To: tejek who wrote (93764)2/17/2000 2:39:00 AM
From: Mani1  Respond to of 1573414
 
Ted Re <<do you think there is considerable performance difference between a 550 and 650. I have to decide which chip I am going to go with......the price difference is about $80. That's not a big deal but I don't know that I need a 650 since I run very few graphics and I never play any of the internet level games.>>

I would pay the extra $80 with 128 MB of ram. You then should be good for 2.5 years. The extra 100 MHz won't make any difference now, but it can delay your next upgrade by 6 months or so.

Mani



To: tejek who wrote (93764)2/17/2000 2:44:00 AM
From: Y. Samuel Arai  Read Replies (1) | Respond to of 1573414
 
Ted: Re: ...do you think there is considerable performance difference between a 550 and 650. I have to decide which chip I am going to go with......the price difference is about $80. That's not a big deal but I don't know that I need a 650 since I run very few graphics and I never play any of the internet level games.

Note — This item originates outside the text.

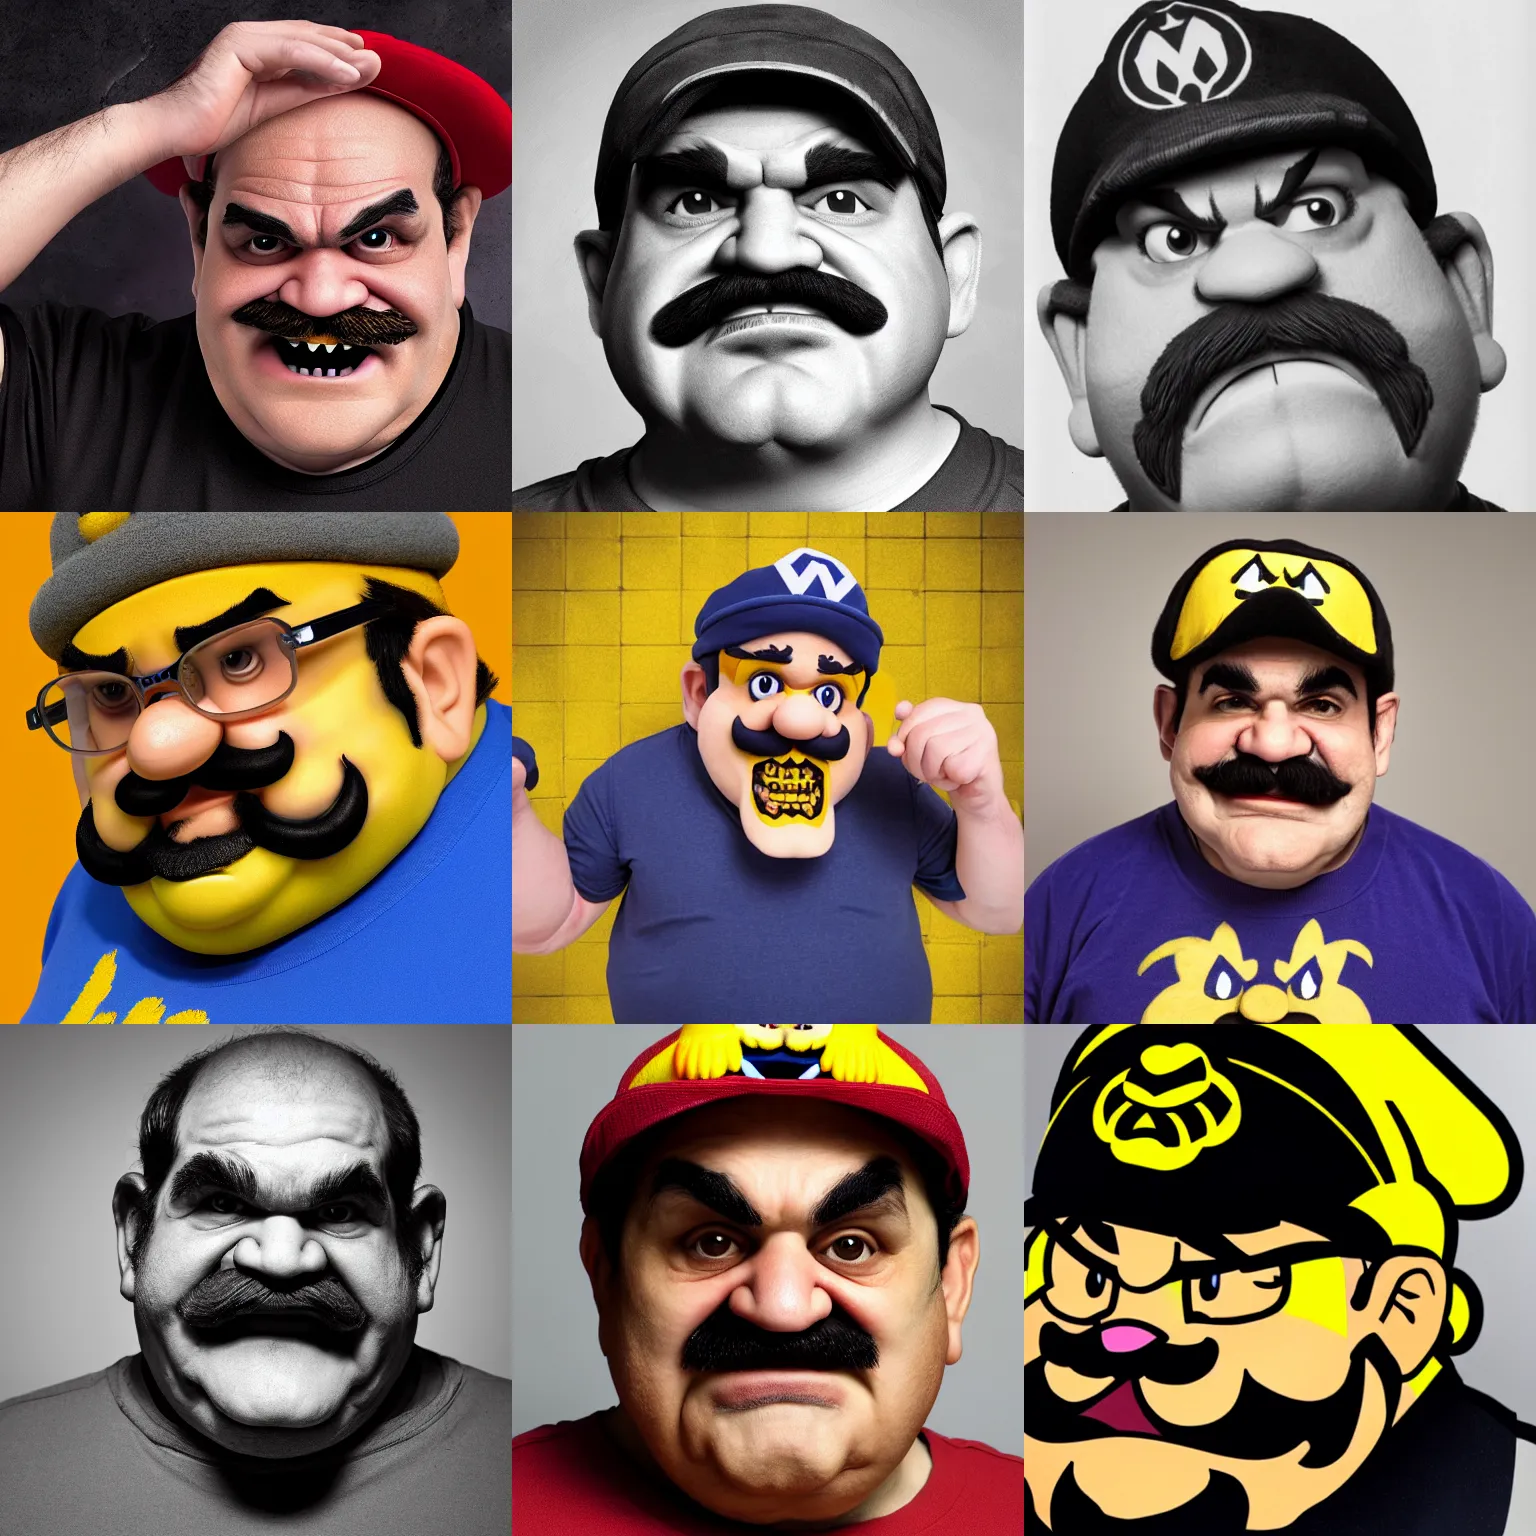 Prompt: Wario as a real person, studio photo, realistic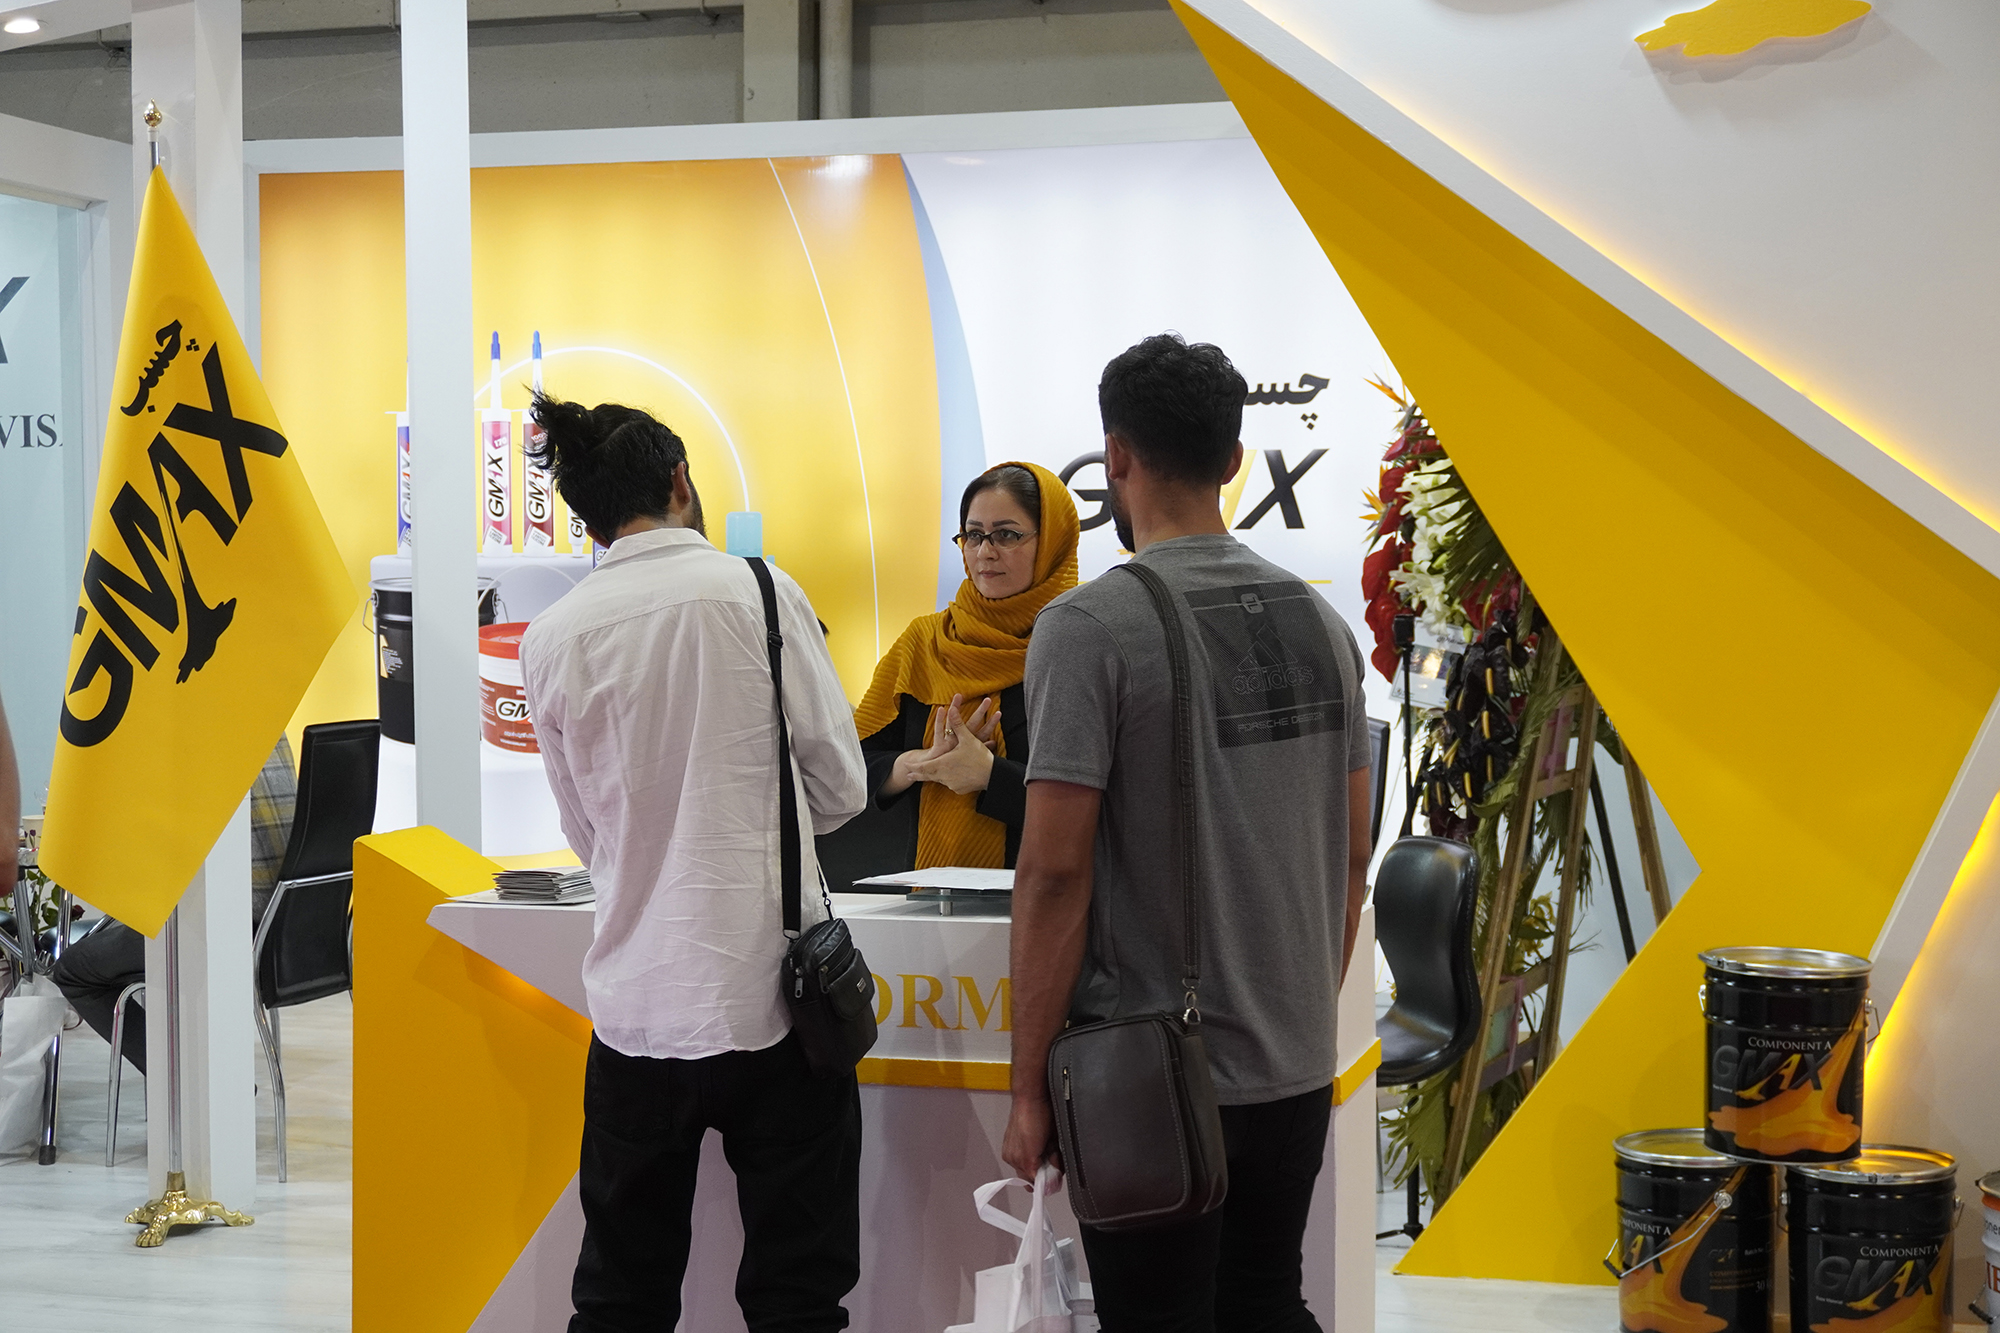 The presence of GMAX adhesive in the 14th international exhibition of doors, windows and related industries

I know you posed this question for Mani, but for the price difference, I'd go for the 650... better yet get a 550 and get the $85 Afterburner GFD and overclock it to 750-850.
outsideloop.com

I purchased one of their customized systems, and its great! (500 overclocked to 750, 100% guaranteed stable). It has been 100% stable so far. Now they have 550Mhz Athlon systems overclocked up to 800 and even 850Mhz, all guaranteed to be 100% stable.

So I think you could easily OC your 550 to 700+ yourself without problems.

There are other GFD devices out there, but I found Outside Loop's Afterburner GFD to be much more elegant in design with its rotary dials to control voltage and frequency, compared with the dip-switch solution of everyone else.